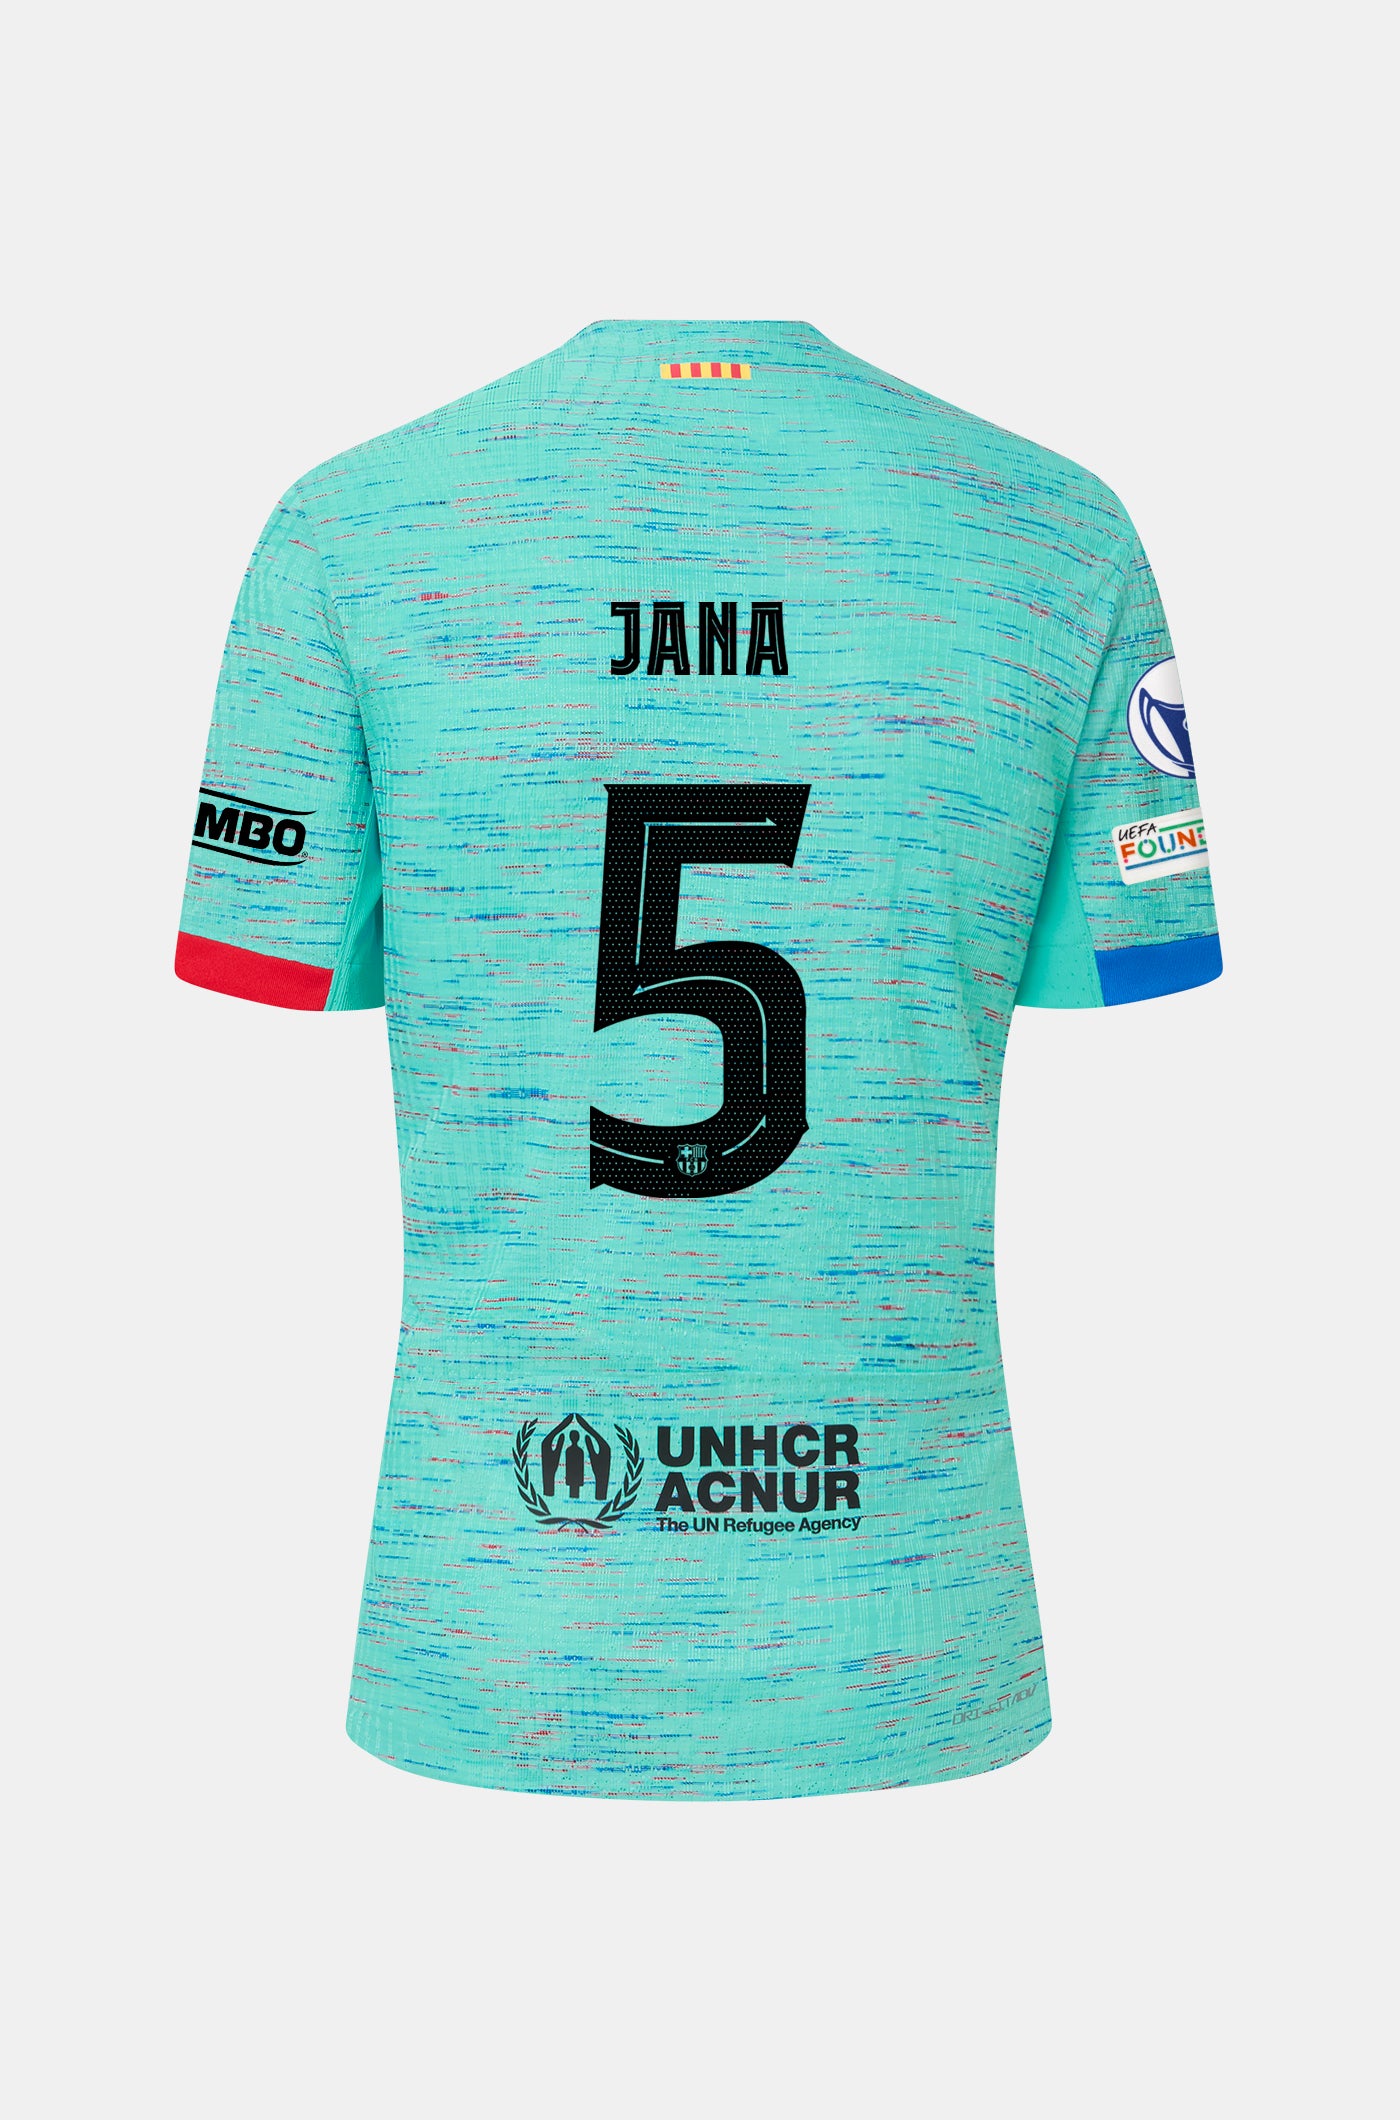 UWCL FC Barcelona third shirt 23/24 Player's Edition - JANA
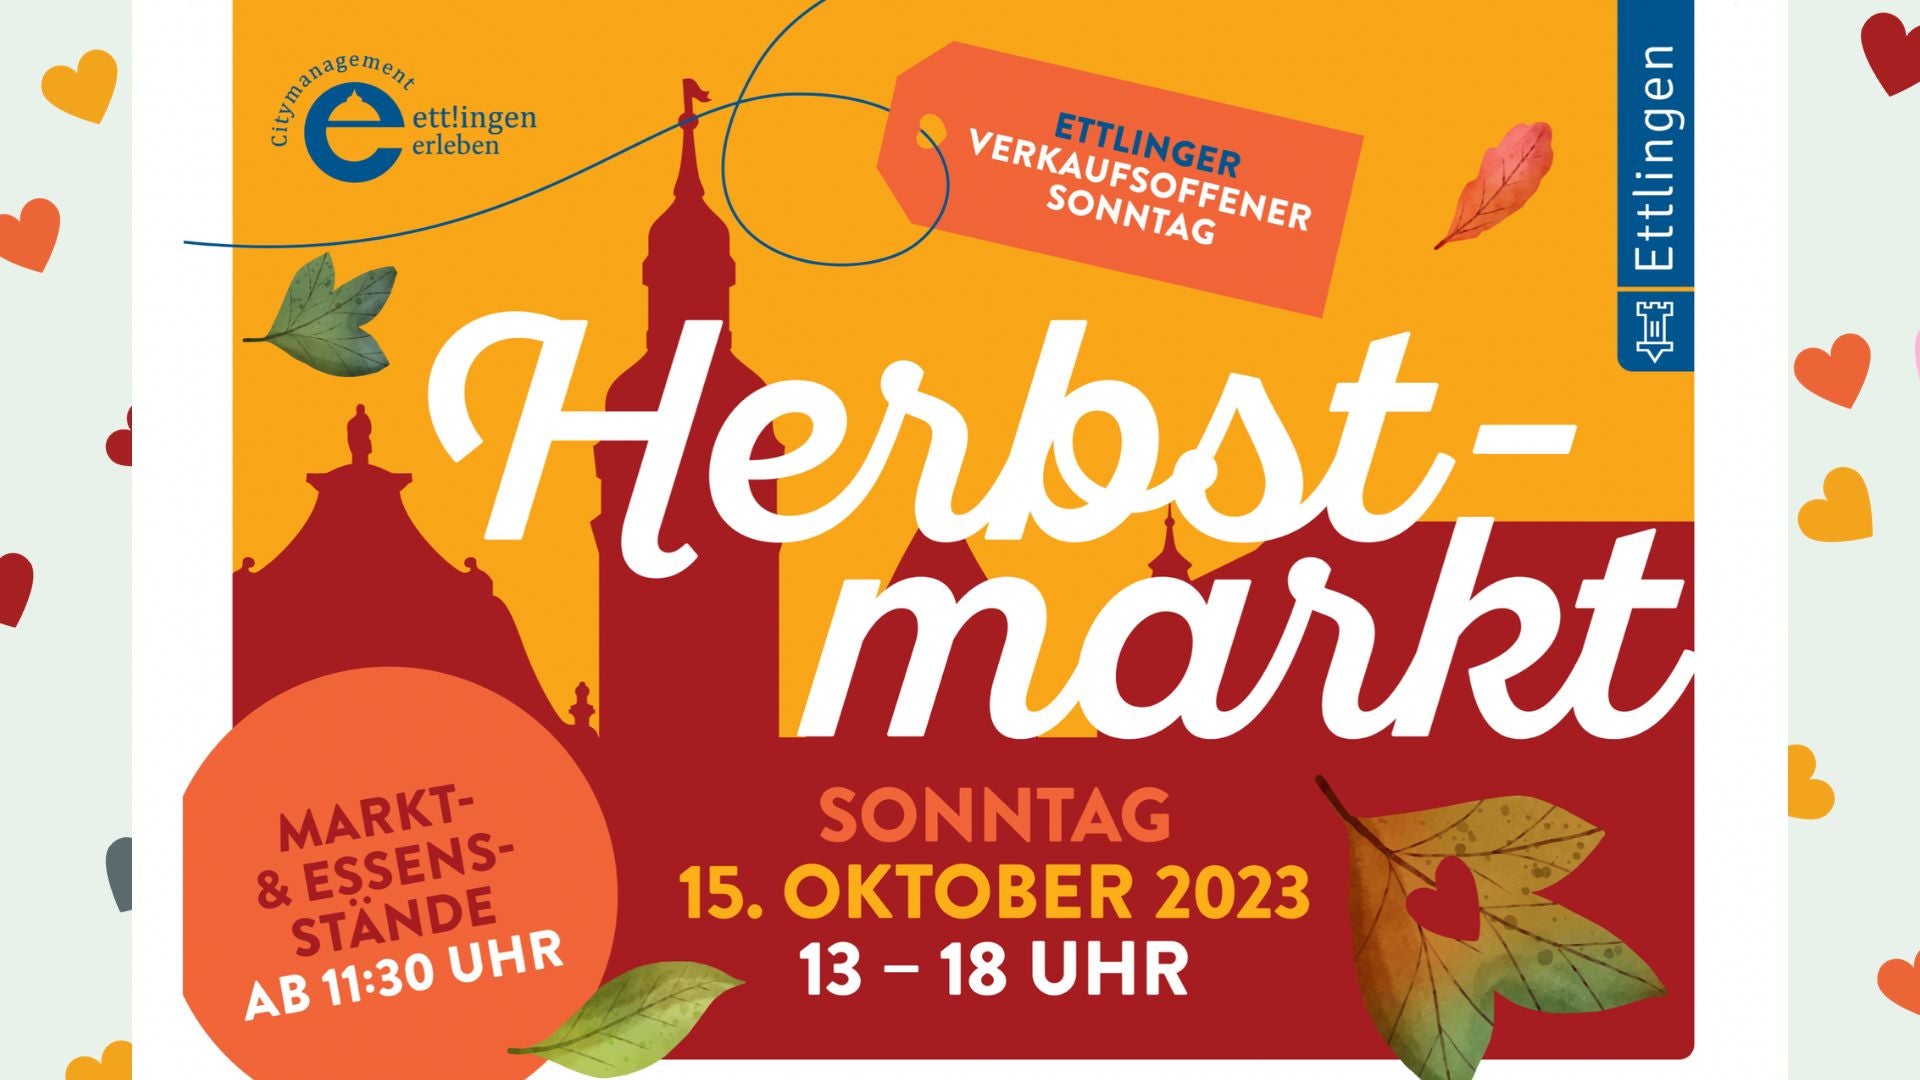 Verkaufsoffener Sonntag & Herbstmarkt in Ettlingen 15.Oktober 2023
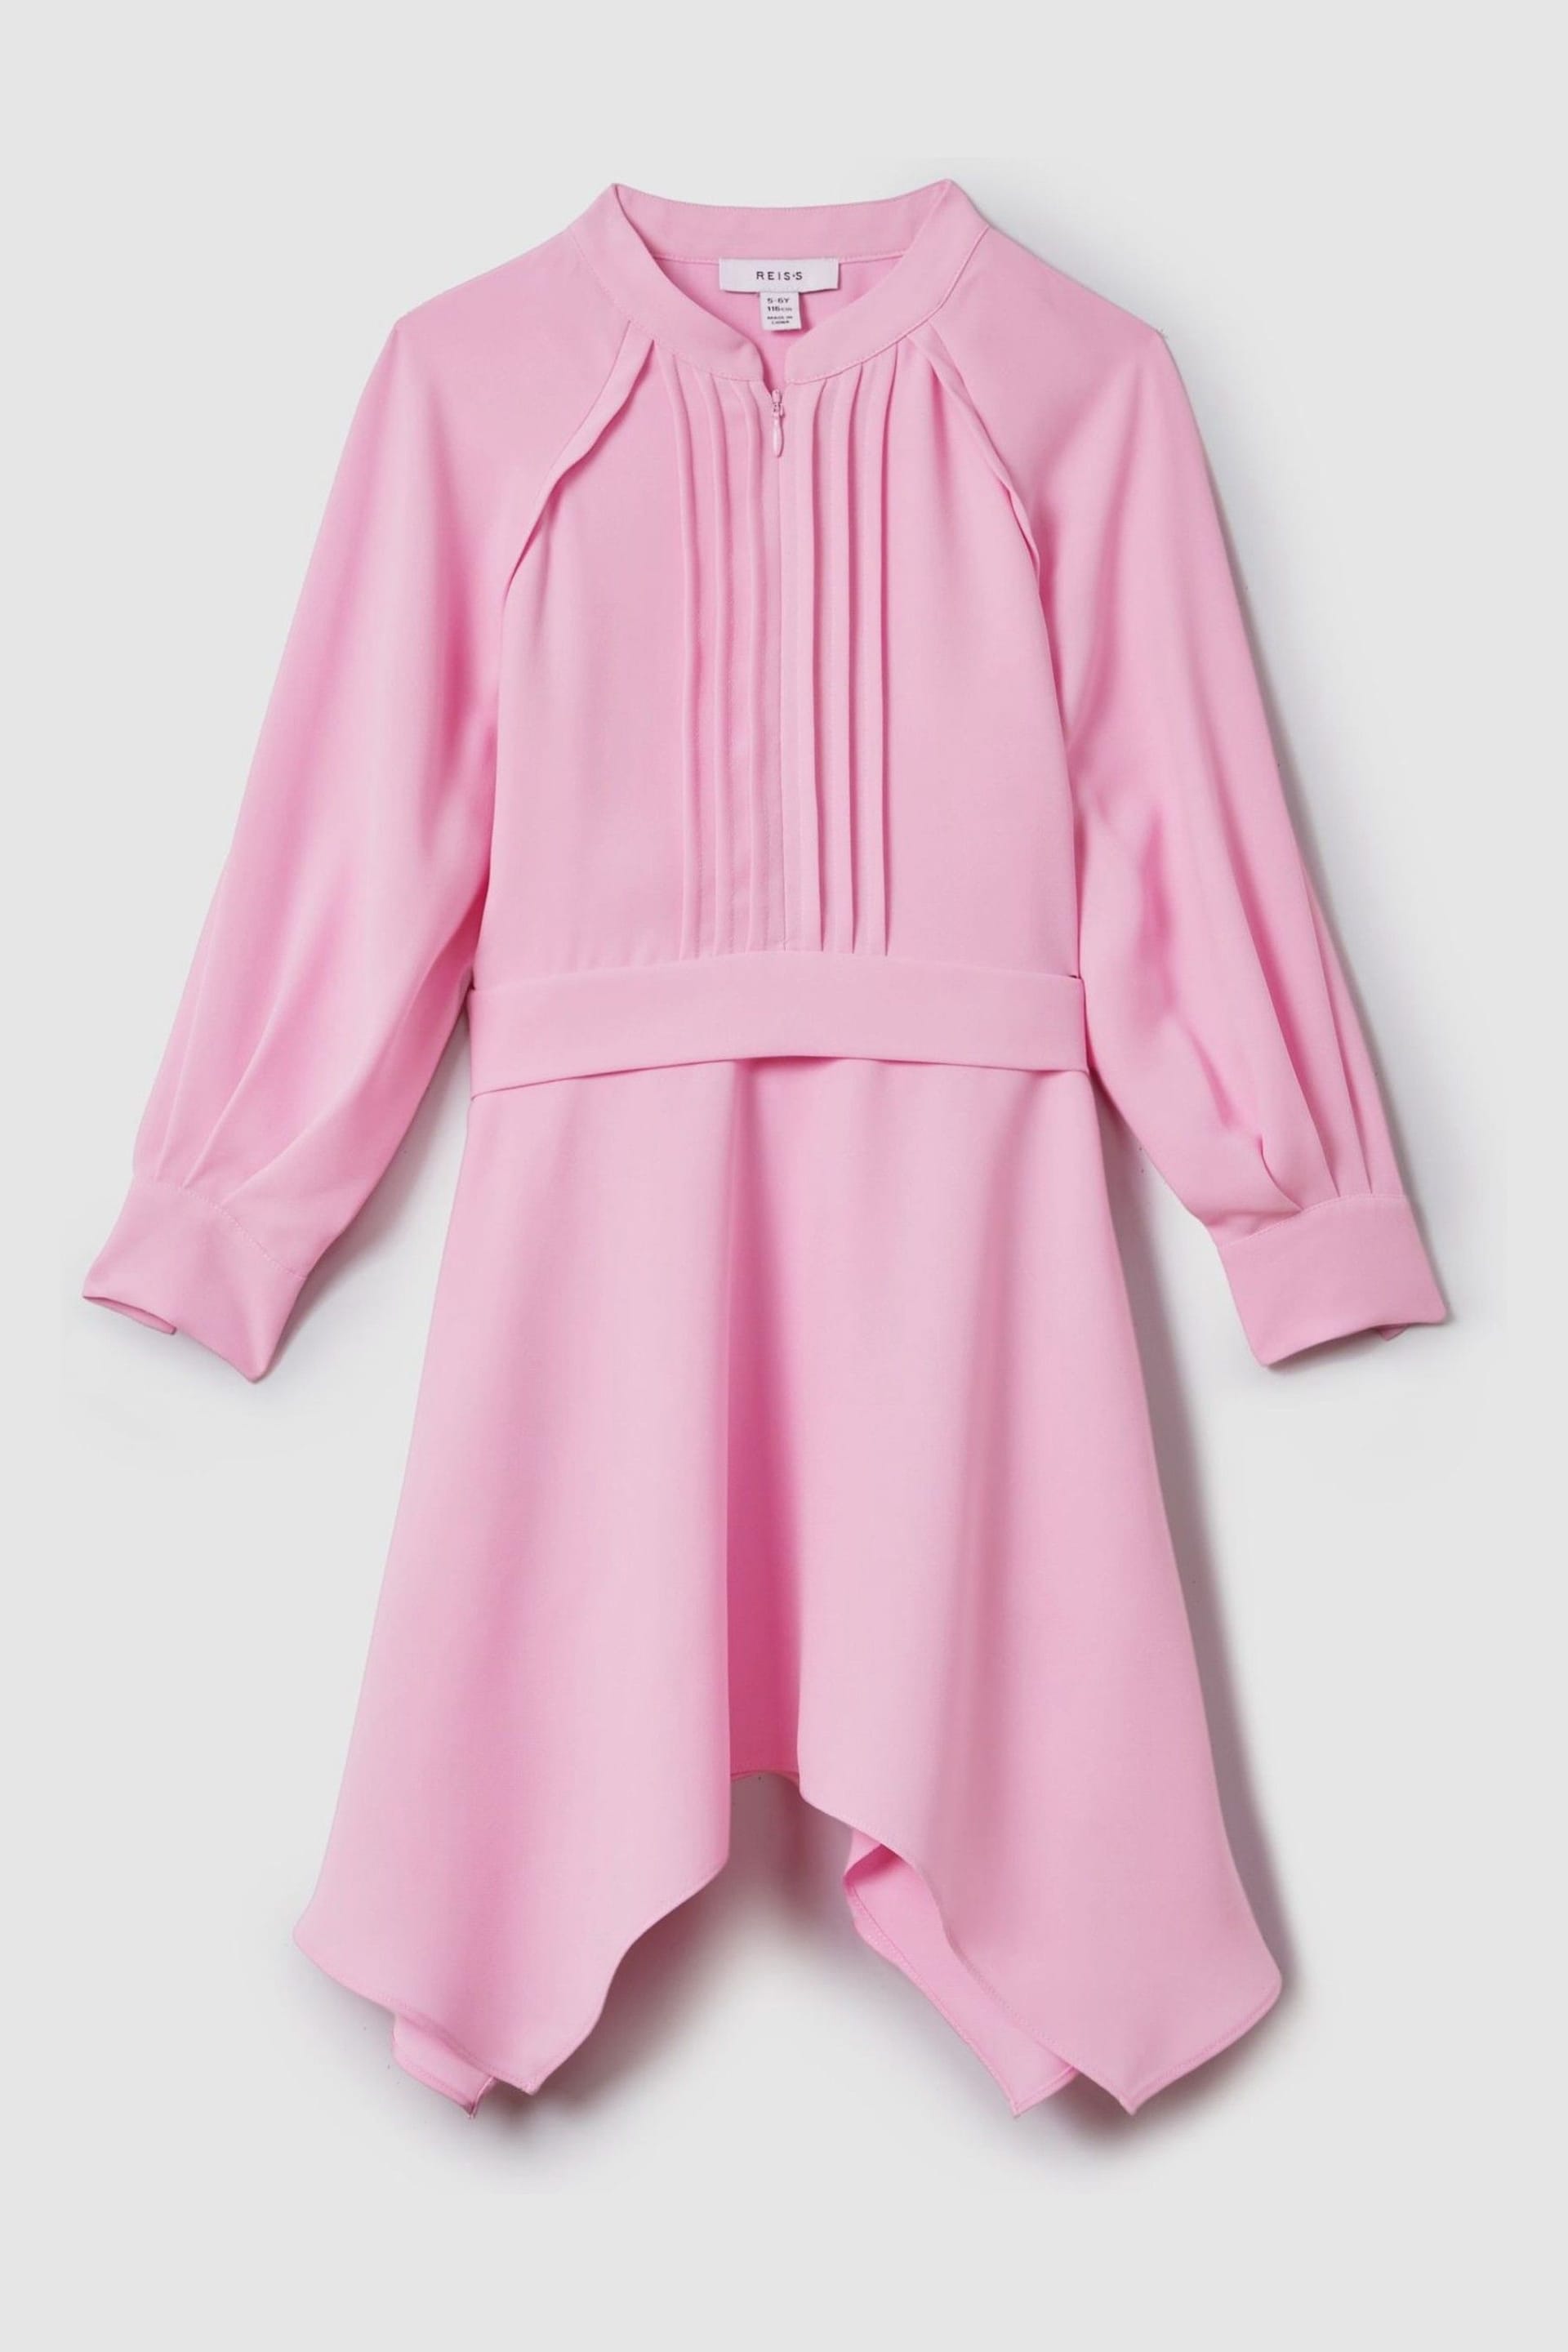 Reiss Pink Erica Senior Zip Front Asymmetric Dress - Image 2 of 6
——
**What to work on:**
Could you transcribe exactly the lines from the one with "Verkaufsoffener Sonntag &" through the end of the data, both ends included, and nothing else, skipping the pictures?

**Exercise result:**
 Verkaufsoffener Sonntag & Herbstmarkt in Ettlingen 15.Oktober 2023
 Reiss Pink Erica Senior Zip Front Asymmetric Dress - Image 2 of 6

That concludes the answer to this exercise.